Comment choisir un protège-dents adapté au handball

Le problème qui coûte des points

Sur le parquet, chaque collision est une petite guerre. Un protège-dents mal ajusté, c’est le ticket direct pour une bouche en vrac, un temps d’arrêt, voire une blessure qui décale toute la tactique. Voilà le vrai souci : on ne veut pas de gadget, on veut de la protection fiable, sans sacrifier la respiration ni la mobilité.

Les critères qui font la différence

1. Le type de matériau

Les plastiques rigides sont les dinosaures du secteur : lourds, peu conformes, ils obligent à mordre fort et à souffrir de frottements. Les résines thermoformables, à l’inverse, se moulent à la chaleur du corps, épousant chaque dent comme un second sourire.

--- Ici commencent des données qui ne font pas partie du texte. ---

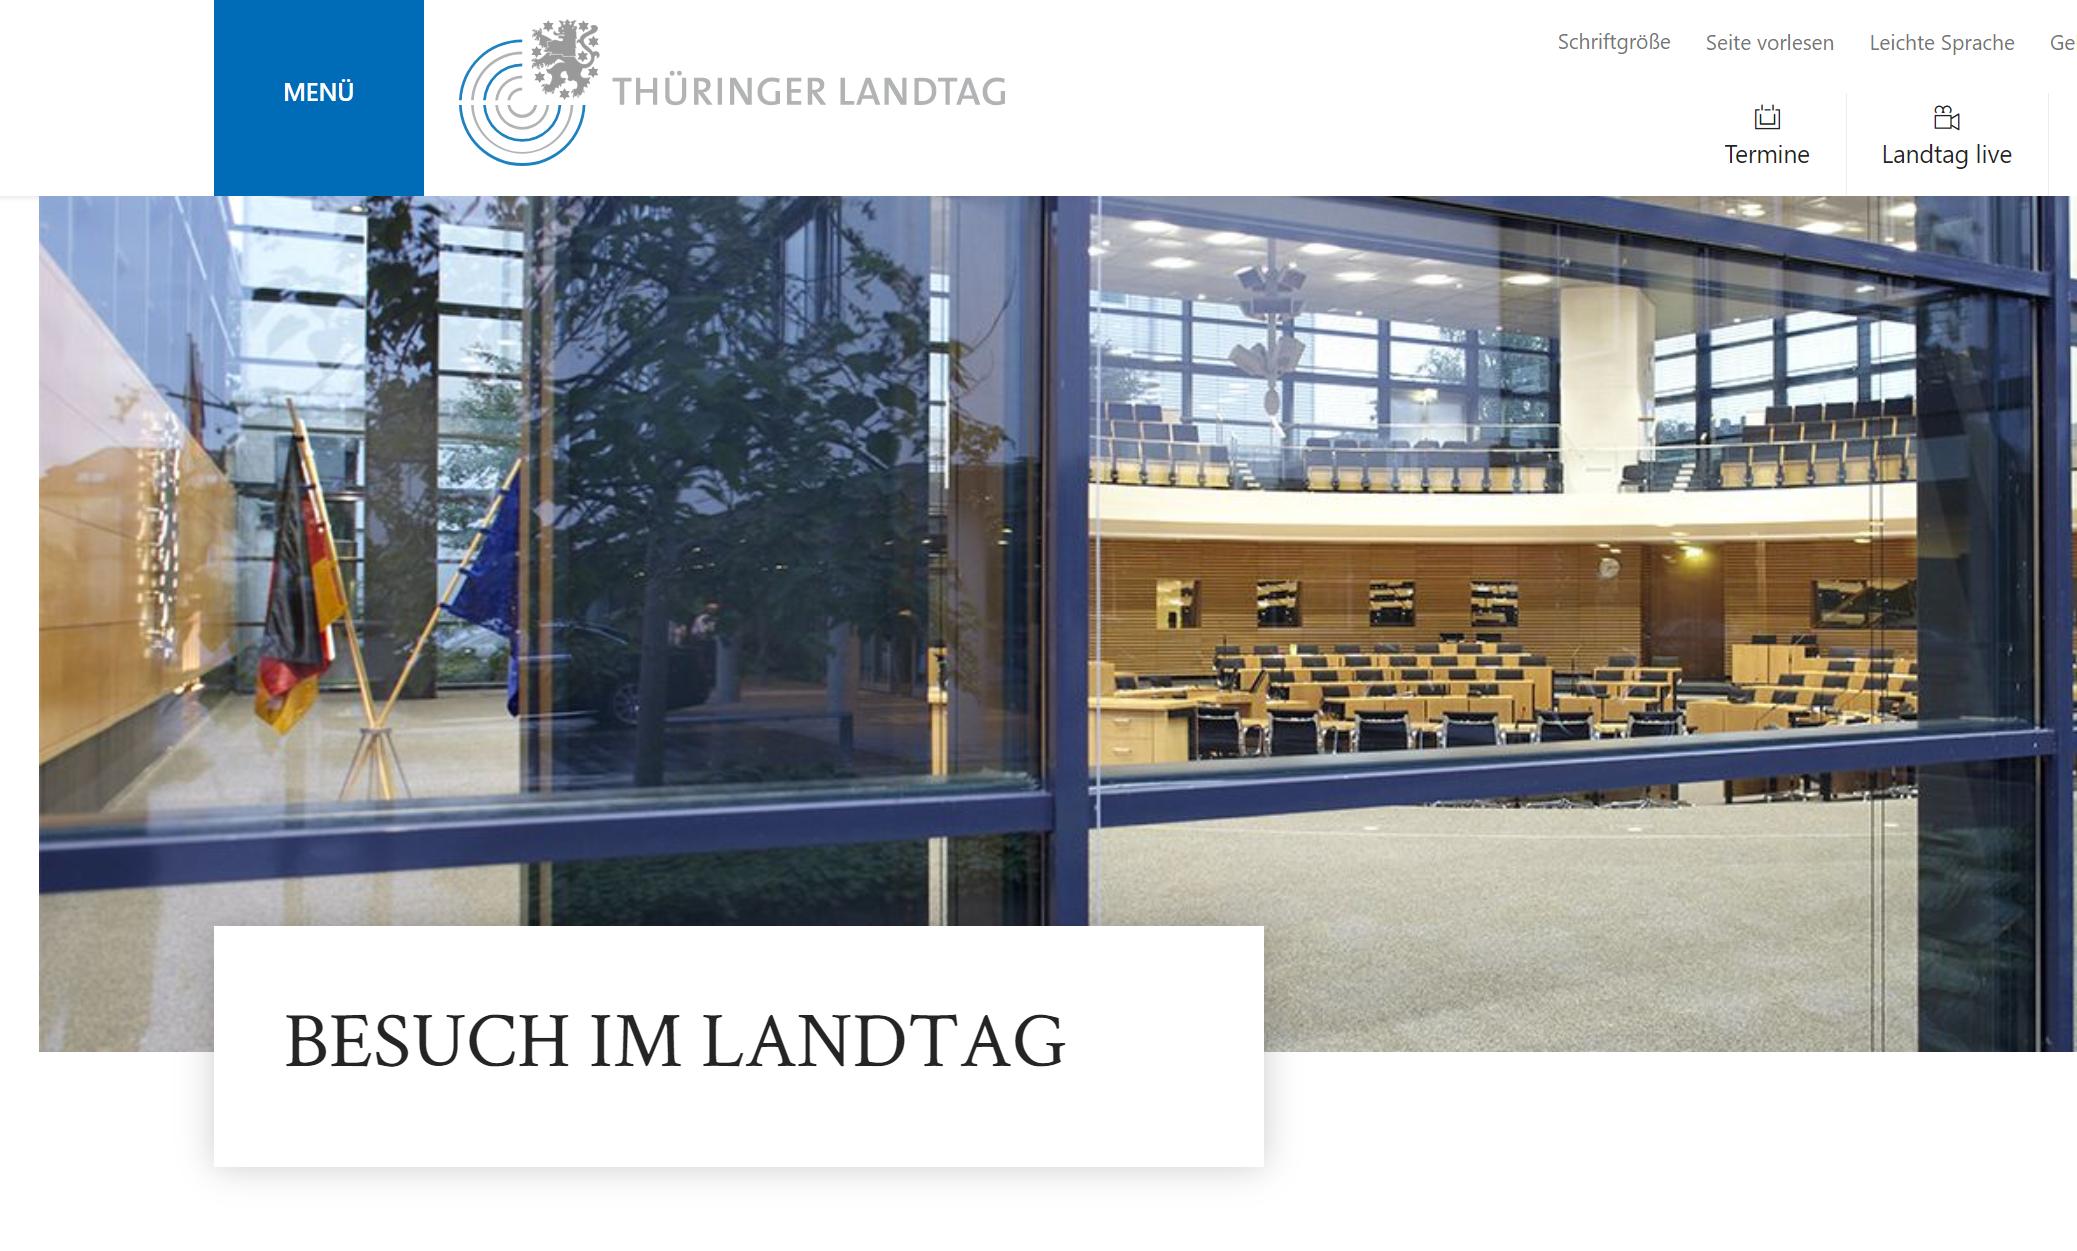 Mafia-Untersuchungsausschuss Landtag ThüringenErfurt

Priorité à la souplesse sans perdre la rigidité au moment crucial.

2. Le niveau de rétention

Un bon protège-dents doit se coller sans glisser. Si l’appareil bouge dès que le gardien se jette dans le duel, vous avez raté l’étape d’ajustement. La technologie « ventouse interne » ou les bords légèrement crantés offrent une adhérence qui ne se dérobe pas sous la pression.

3. L’épaisseur et la respiration

Épaisseur = protection, mais trop épais, c’est le blocage de l’air. La règle d’or : moins de 4 mm, tout en conservant une densité qui absorbe les chocs. Un compromis qui évite le souffle coupé au moment où le ballon file vers le but.

Comment tester avant d’acheter

Ne choisissez jamais sur le seul critère du prix. Faites le test du « dents à dents » : le protège-dents doit claquer légèrement contre les dents supérieures, sans douleur ni jeu. Si vous sentez un espace, il faut le remouler ou passer à une taille supérieure.

Ensuite, le test de la balle. Attrapez un ballon et effectuez un tir rapide ; votre respiration ne doit pas s’alourdir. Si vous sentez la gorge se serrer, le dispositif est trop envahissant. Un bon ajustement se ressent comme une extension naturelle de votre mâchoire.

Enfin, le critère du temps d’usure. Un matériau qui se fissure après deux entraînements n’est pas fait pour le championnat. Optez pour les marques qui garantissent au moins un an de performance sans perte de forme.

Le dernier conseil qui frappe fort

Faites chauffer le bouche‑protège à la bougie de la cuisine, mâchez pendant 30 secondes, puis testez le sur le terrain. Si vous pouvez parler, rire, même crier un « go » sans gêne, vous avez trouvé le bon. Sinon, retournez à la planche à dessin. À vous de jouer, le prochain match attend.